Token(type='IF', value='IF', line=2, column=4)
Token(type='ID', value='quantity', line=2, column=7)
Token(type='THEN', value='THEN', line=2, column=16)
Token(type='ID', value='total', line=3, column=8)
Token(type='ASSIGN', value=':=', line=3, column=14)
Token(type='ID', value='total', line=3, column=17)
Token(type='OP', value='+', line=3, column=23)
Token(type='ID', value='price', line=3, column=25)
Token(type='OP', value='*', line=3, column=31)
Token(type='ID', value='quantity', line=3, column=33)
Token(type='END', value=';', line=3, column=41)
Token(type='ID', value='tax', line=4, column=8)
Token(type='ASSIGN', value=':=', line=4, column=12)
Token(type='ID', value='price', line=4, column=15)
Token(type='OP', value='*', line=4, column=21)
Token(type='NUMBER', value=0.05, line=4, column=23)
Token(type='END', value=';', line=4, column=27)
Token(type='ENDIF', value='ENDIF', line=5, column=4)

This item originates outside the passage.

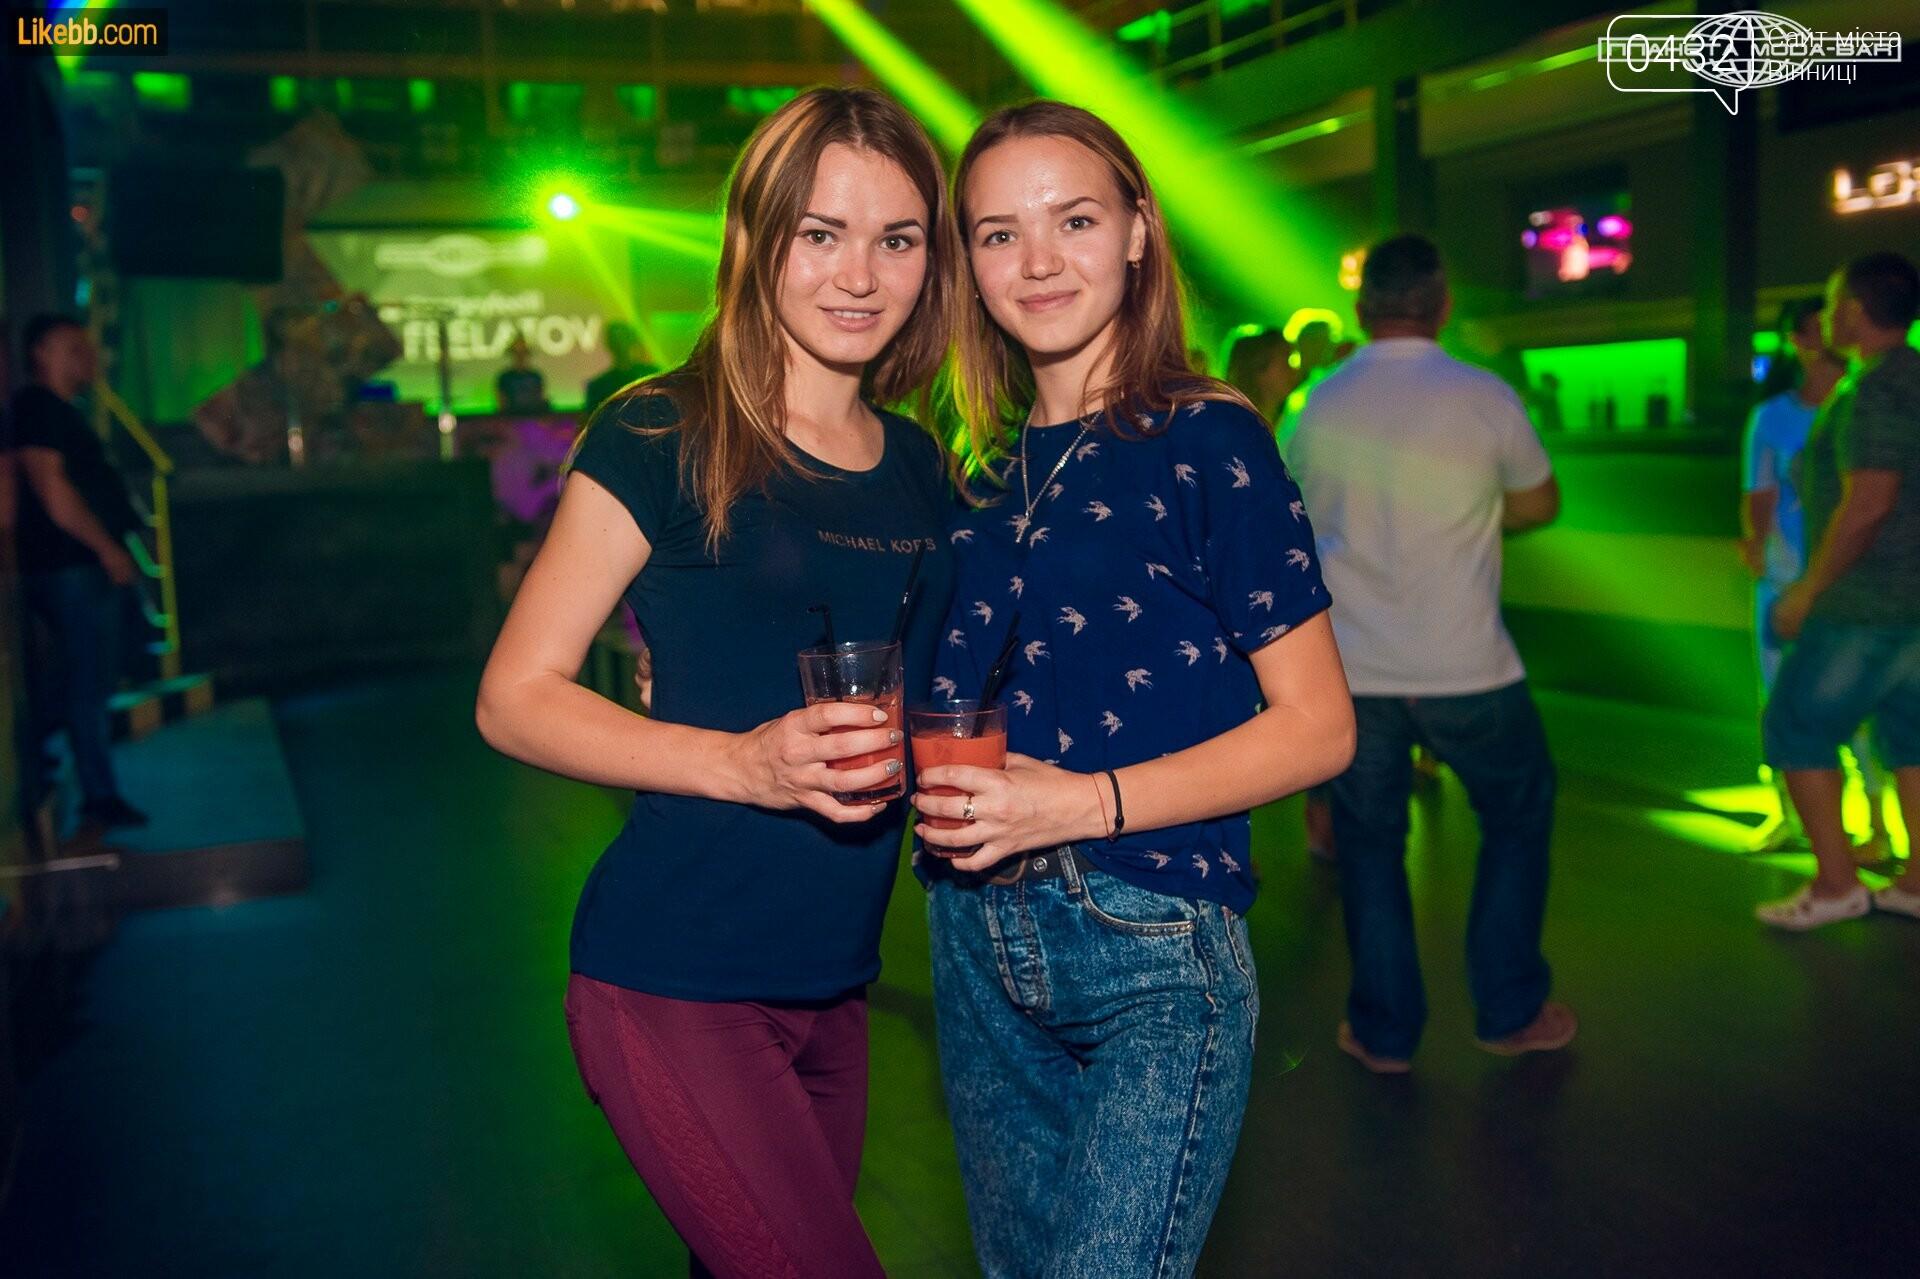 Ночной клуб планета фотоотчеты дорама самая яркая звезда в ночном клубе

Token(type='END', value=';', line=5, column=9)
Frie09

Friedl, Jeffrey. Mastering Regular Expressions. 3rd ed., O’Reilly Media, 2009. 弗里德尔,杰弗里:《掌握正则表达式》第三版,O'Reilly Media,2009年。The third edition of the book no longer covers Python at all, but the first edition covered writing good regular expression patterns in great detail.这本书的第三版不再涵盖Python,但第一版详细介绍了如何编写良好的正则表达式模式。